Of course, an input means that allows the user to enter these
dimensions for each image separately can also be provided, but this
makes the decryption device 210 more complex and more
expensive.
[0089] The decryption device 210 rotates the polarization of
respective cells in the liquid crystal layer in the LCD 211 by an
amount indicated by respective elements in the key sequence,
similar to how the encoded sequence serves as a basis for rotation
in the client device 201.
[0090] In FIG. 7C, the user superimposes the personal decryption
device 210 upon the pixels displayed on display 701. To facilitate
such superimposing, the edge of the display 701 can be provided
with hooks or clamps in a corner (not shown), by which the personal
decryption device 210 can be fastened to a particular position on
top of the display 701. This way, it is very easy for the user to
properly superimpose the personal decryption device 201 upon the
patterns on the display 701 if these patterns are displayed in the
corresponding position on the display 701.

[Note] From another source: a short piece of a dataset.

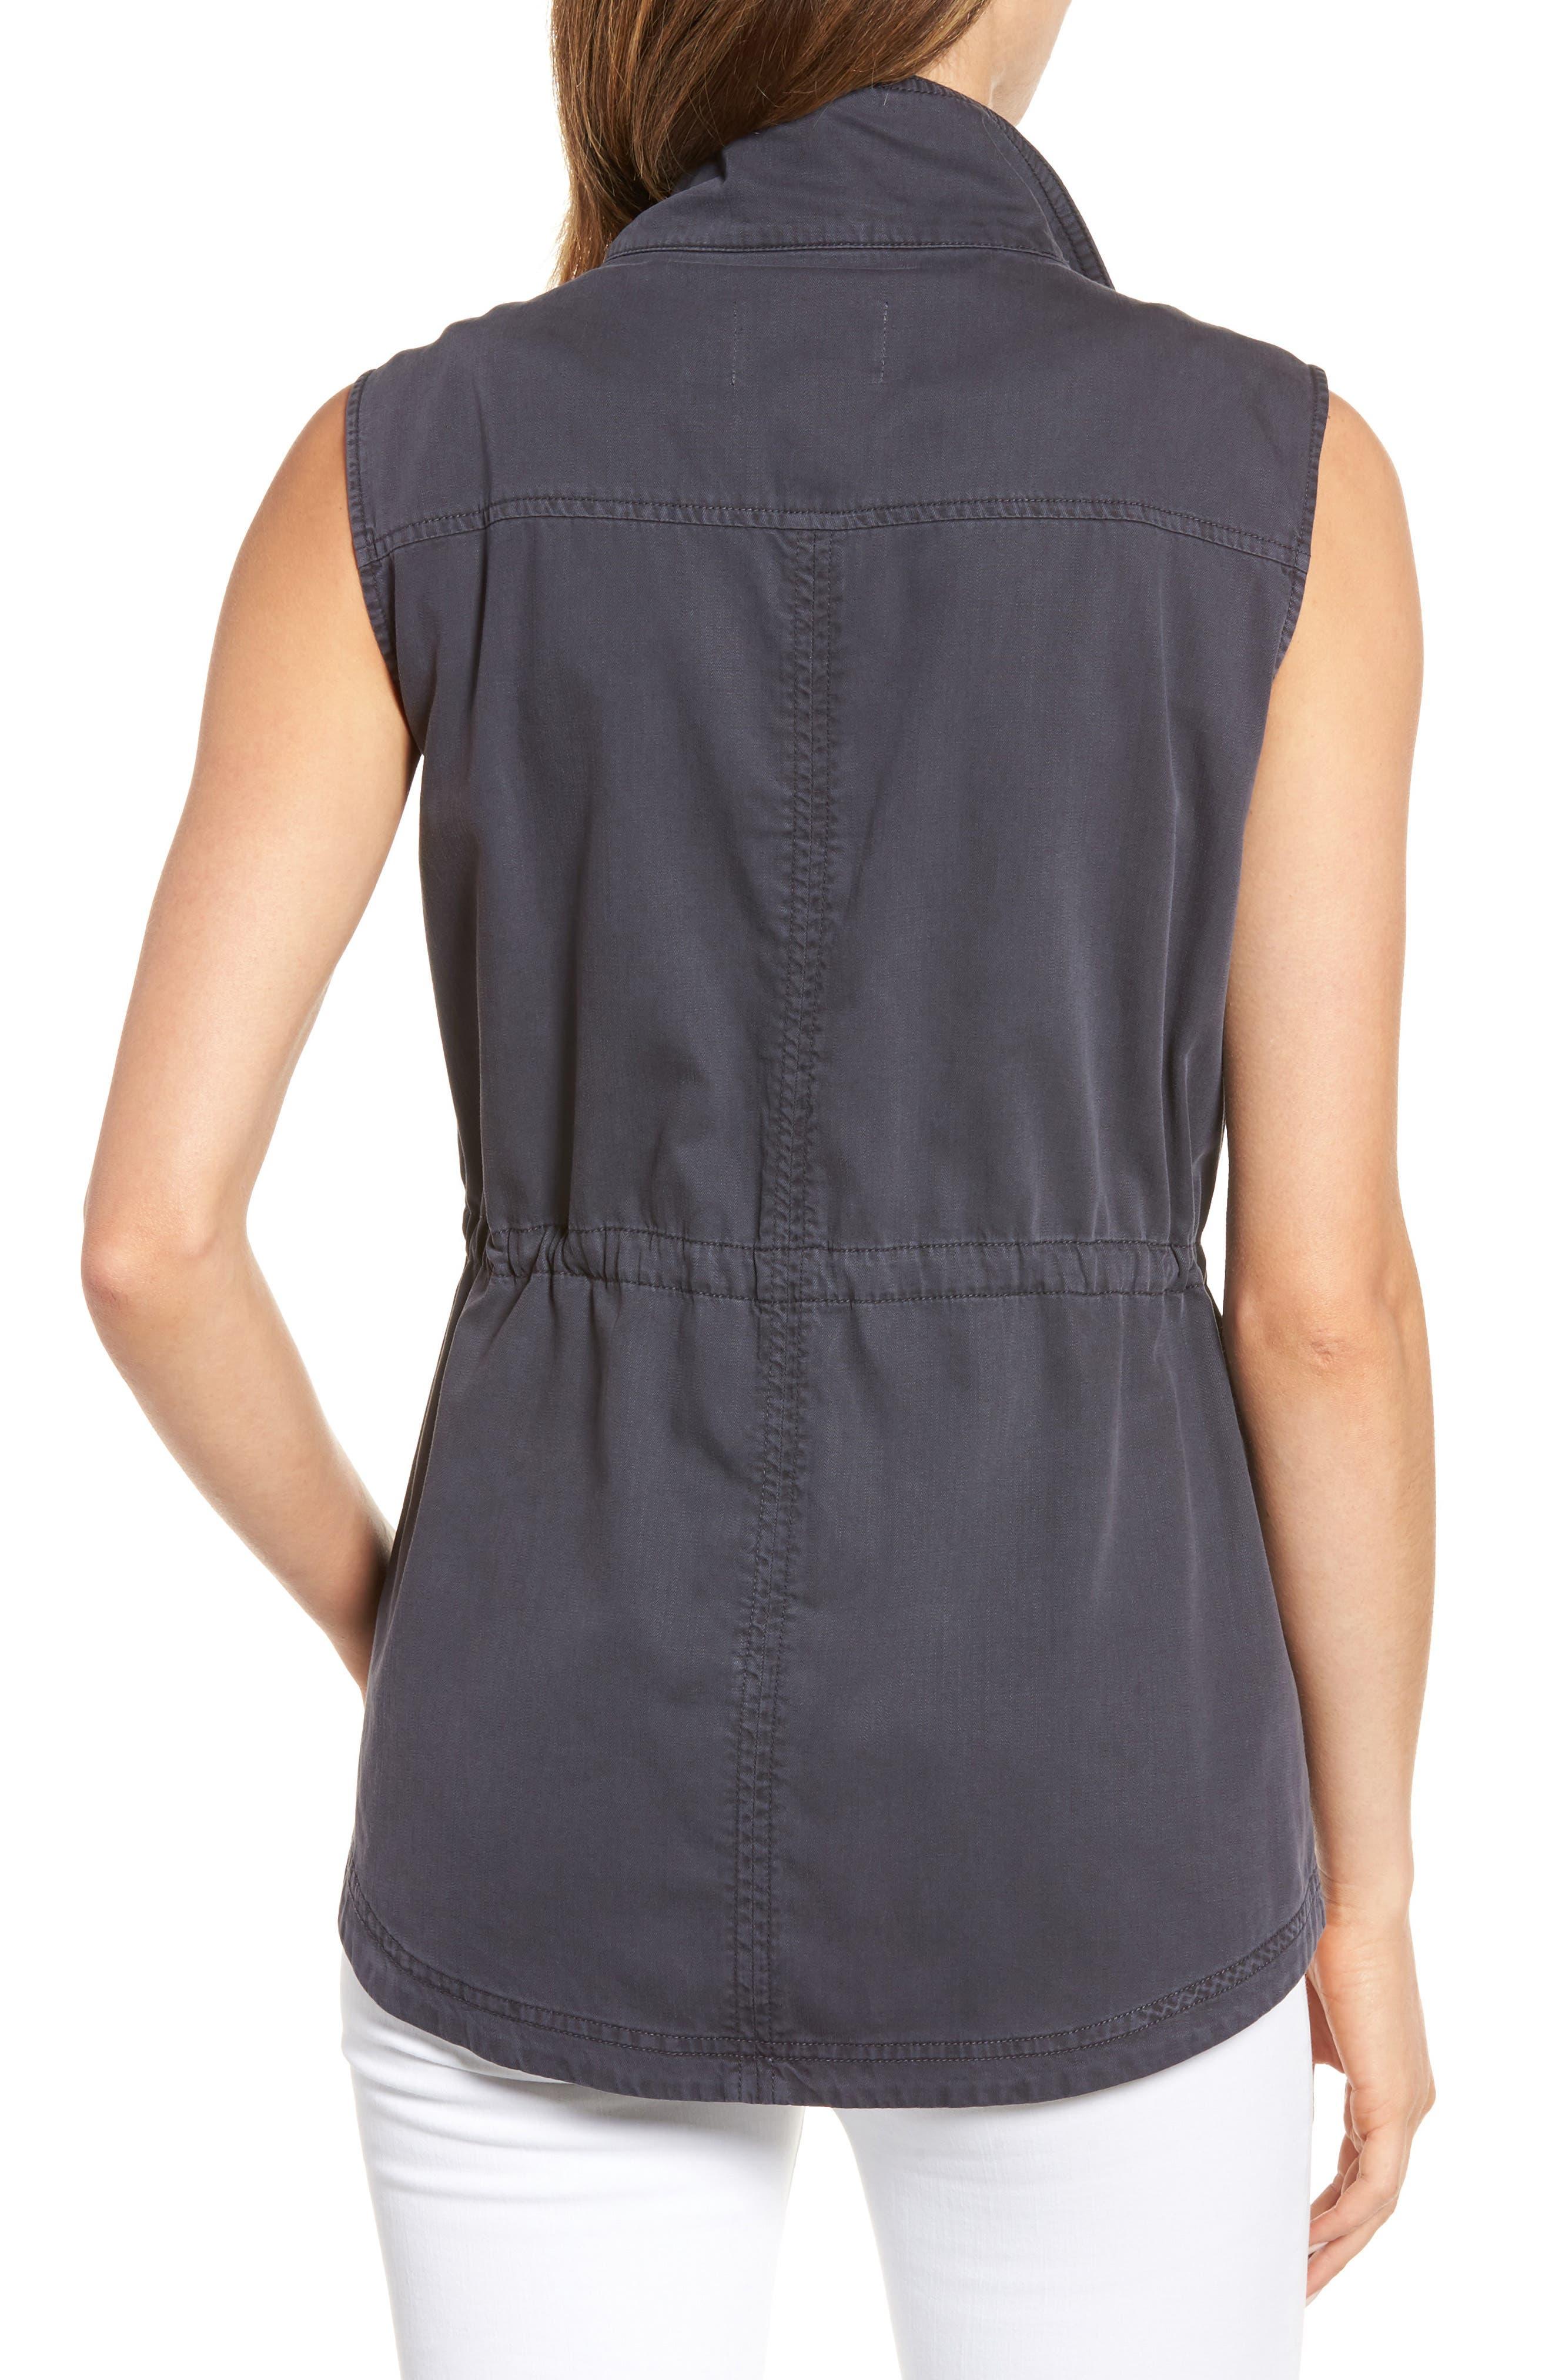 Utility Vest,                             Alternate thumbnail 2, color,                             Grey Ebony

[0091] Because both the decryption device 210 and the client device
201 each effectively display one share of a visually encrypted
image, the user can now observe the reconstructed image. In the
example of FIG. 7C, the reconstructed message is the textual
message "A!" in black lettering with a grayscale bar below.
[0092] Because neither the client 201 nor the personal decryption
device 210 at any time has sufficient information to reconstruct
the image itself, the contents of the image 220 cannot be recovered
by a malicious application running on either device. Further, since
the personal decryption device 210 does not have any communication
means, it is impossible to obtain the key sequence from the storage
area 512 without gaining physical access to the decryption device
210.
[0093] One particularly useful application is to securely allow
composition of a message by the operator of client 201. In this
embodiment, the server generates the image 221 so that it
represents a plurality of input means such as keys on a keyboard.
Each input means represents an input word that can be used in the
message that will be composed by the user. Next to keys, the input
means could also be checkboxes, selection lists, sliders or other
elements typically used in user interfaces to facilitate user
input.
[0094] The server 200 then produces an encoded sequence for the
image 221 and sends the sequence to the client device 201. The user
positions his decryption device 210 above the area in which the bit
sequence is displayed, activates the decryption device 210 and then
is able to view the input means. The user then composes the message
by selecting keys or other input means rendered as an image on the
display of the client device 201. Such keys could be visually
rendered as keys representing different alphanumerical characters,
or as buttons representing choices like `Yes`, `No`, `More
information` and so on. Other ways to visually represent input
means are well known in the art.
[0095] Selecting the input means is preferably done by selecting a
particular set of coordinates on the display of the client device
201. Preferably, the user inputs the set of coordinates by applying
pressure to a particular spot of the display, the set of
coordinates corresponding to the particular spot. Because the image
representing the input means can only be seen when the decryption
device 210 is superimposed upon the client 201, the user is advised
to apply pressure to the display 211 of the decryption device 210.
This pressure will be transferred to the display of the client
device 201, which when equipped with a touch-sensitive screen can
register the spot to which pressure was applied, and translate this
to a set of coordinates. Of course, other input devices such as a
mouse, a graphics tablet or even a keyboard can also be used.
[0096] By itself it is known to allow composition of a message
through visually rendered input means on a display, see e.g. U.S.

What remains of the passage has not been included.